Now the University really really really needs to IT guys to function. And IT guys are expensive and get more expensive pretty rapidly (especially in the late 1990s when I was watching this happen). So the University desperately needs to retain them. So the conversation went like this

University: We really really really want to pay our IT guys 15% more next year because we need to retain them.
Union: We forbid you to do so unless you raise the salaries of everybody we represent by that 15%.

Literally, you had management being blocked from increasing the pay of workers by the union, because the union was using one segment of the workers as a bargaining chip for the benefit of another, larger, subset of their heterogenous bargaining block.

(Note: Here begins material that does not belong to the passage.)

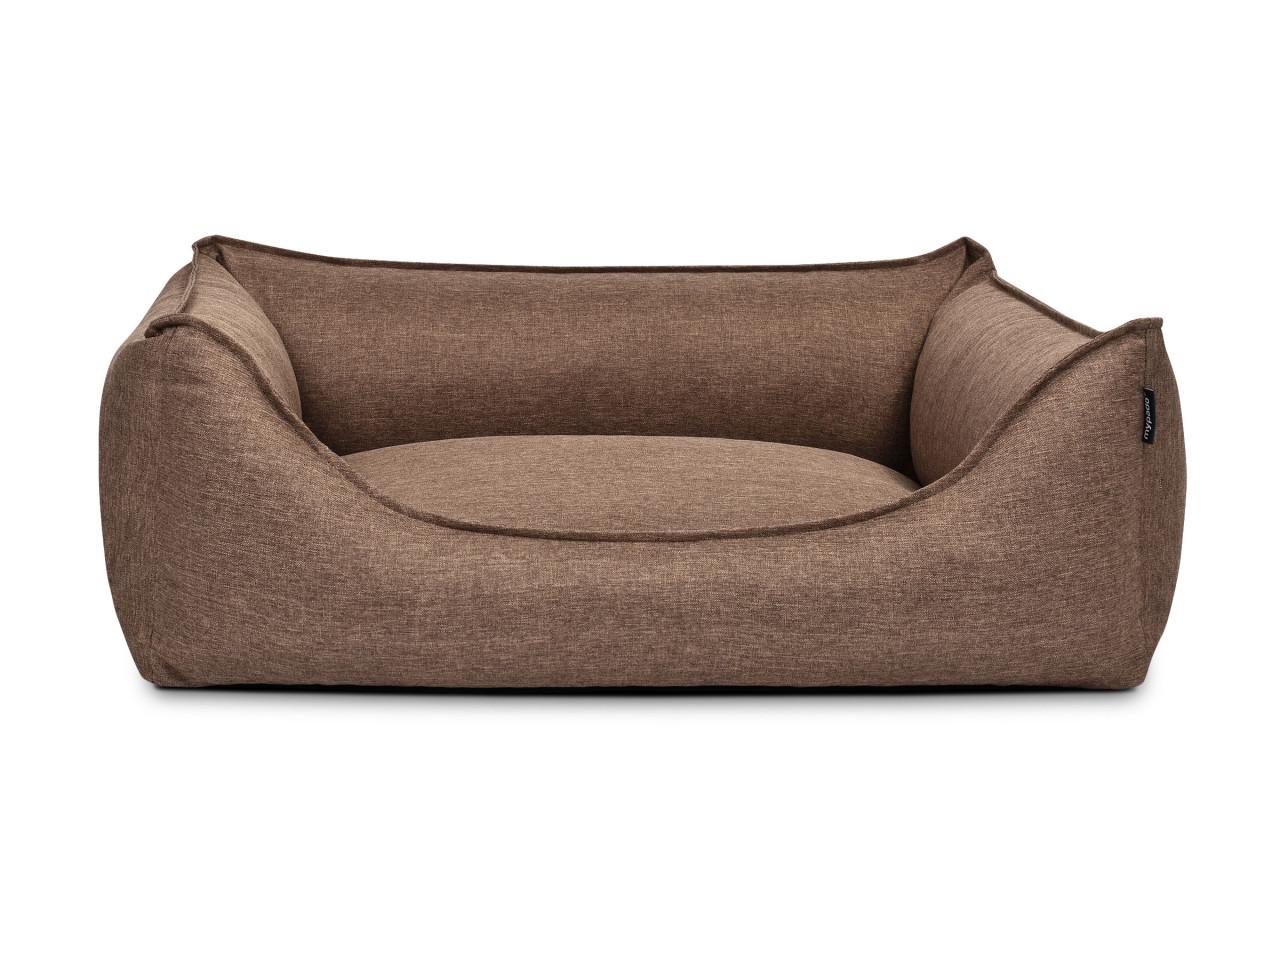 hundebett-dream-terra brown

I suspect something similar is happening with the teachers union. Teachers are not a homogenous labor block. Some teachers teach math and science and are in high demand. Some teachers are exceptional. But most teachers are neither exceptional nor teaching high demand subject. By forcing the schools to raise overall pay for all teachers in order to be able to bid for high demand teachers, the union benefits the vast majority of their users by raising their wages far above what they would otherwise be, at the expense of suppressing the wages of their minority of high demand users.

anon writes:

well explained by Gambetta and Origgi 2009 on preferences for mediocrity.

ad nauseum writes:

There are probably a lot of distorted views about fairness and equality that too many union members ascribe to.

Also, it is true that teacher performance might be hard to gauge, but there are upstart ideas to work with. Like this one here . It may not be perfect, but its a start.

Easy guess: Large wage discrepancies reduce alignment between union member interests. Unions most willing to accept them didn't survive this. Unions most opposed to them survived.

Roger Sweeny writes:

Once you've secured a raise for all the workers in your union, why prevent employers from offering additional compensation for exceptionally good workers?

Something sorta kinda vaguely like that does exist in most school systems in the United States. There is a bonus system based on the number of graduate education courses a teacher has taken.

The system is objective and predictable. If you put in the time and do whatever busywork is assigned, you will get the credits. Accumulate enough and you go into a higher pay stream.

Alas, research seems to indicate that teachers with more credits are no better than teachers with less. Moreover, if you ask a teacher how useful his or her graduate courses were, the median response will be, "I got a few good ideas, but mostly they were a waste of time."

However, the system does help keep together the union/ed school coalition. Going over to a performance-based merit system would mean a significant diminishment of ed school employment and prestige. Unions support the present system and education professors learnedly tell everyone why performance-based systems are impossible and/or unfair--while studiously avoiding helping to come up with ones that would be fair and effective.

Stiles writes:

Probably for two reasons.

First, an expectation that the incentive funds would be taken from the overall compensation package and reduce compensation for some of the union membership.

Second, an expectation that merit pay would not be effective in improving schools and might even reduce their effectiveness. Teachers who philosophically support individual incentives have concerns about how accurately and effectively they can be applied given the typical spans of control in schools. Span of control ratios rarely come up in discussions of merit pay in schools, but they should.